The Yukon Energy Corporation is being forced to burn more diesel this winter, but it probably has little to do with people’s electrical gizmos.
This week, Yukon Energy spokesperson Janet Patterson told CBC Radio One the increased usage could be due to people owning more “gadgets.”
Yukon Energy’s forecasts suggest the Crown corporation didn’t anticipate an increase in average use per customer this year.
In Yukon Energy’s general rate application, which is slated to begin hearings in May, the power corporation doesn’t predict an increase in per-customer energy use for residential users.
The only growth on the residential side is in the amount of power sold to customers, which is predicted to grow to 11,183 megawatts an hour from 11,155 megawatts an hour in 2008.
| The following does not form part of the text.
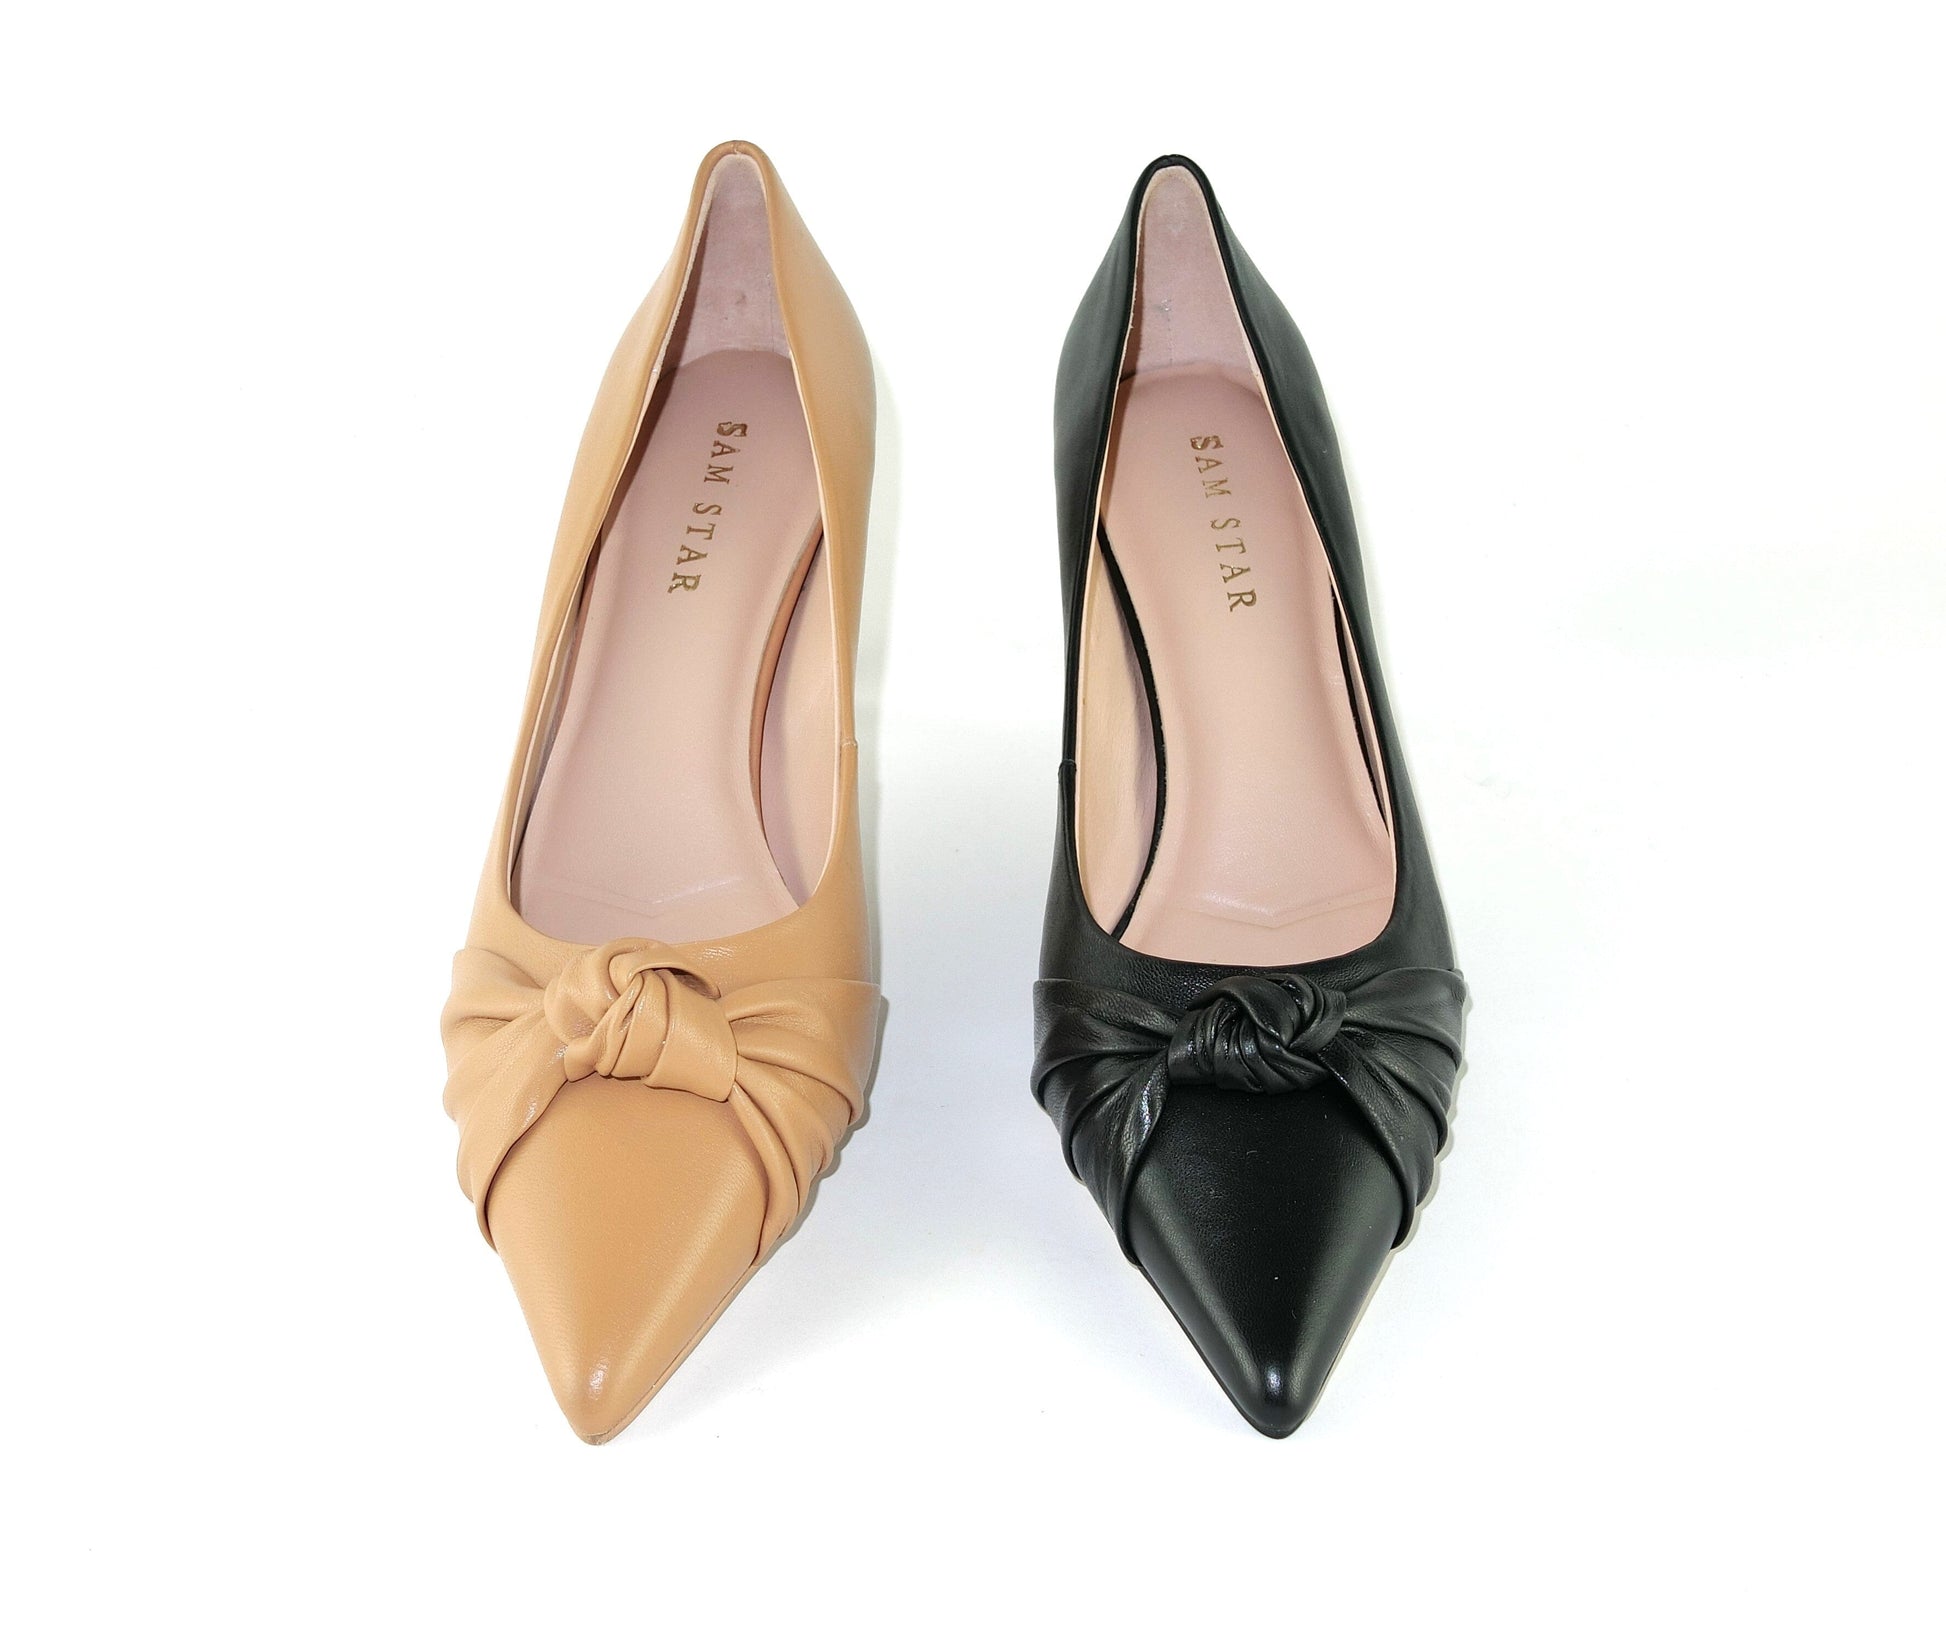 SS23004 Leather court shoes with knot design - Black and Tan ladies shoes Sam Star shoes

“This reflects ongoing modest growth in the number of customers, and basically consistent use per customer over the period,” it says.
The Yukon Electrical Company Ltd., which buys power from Yukon Energy and sells it to approximately 15,000 customers, also predicted little growth in the average use per customer in its general rate application, which was completed at the end of last year.
“Energy sales to residential customers are expected to rise 1.3 per cent in 2008 and 1.1 per cent in 2009,” says the application.
But the increase is due to more houses being built rather than more electronics in each home.
“The growth is driven by customer additions as residential usage per customer is forecast to increase minimally,” it says.
The unexpected increase in power usage over December could also be due to more electrical heat being used during unusual cold snap, Patterson told the CBC.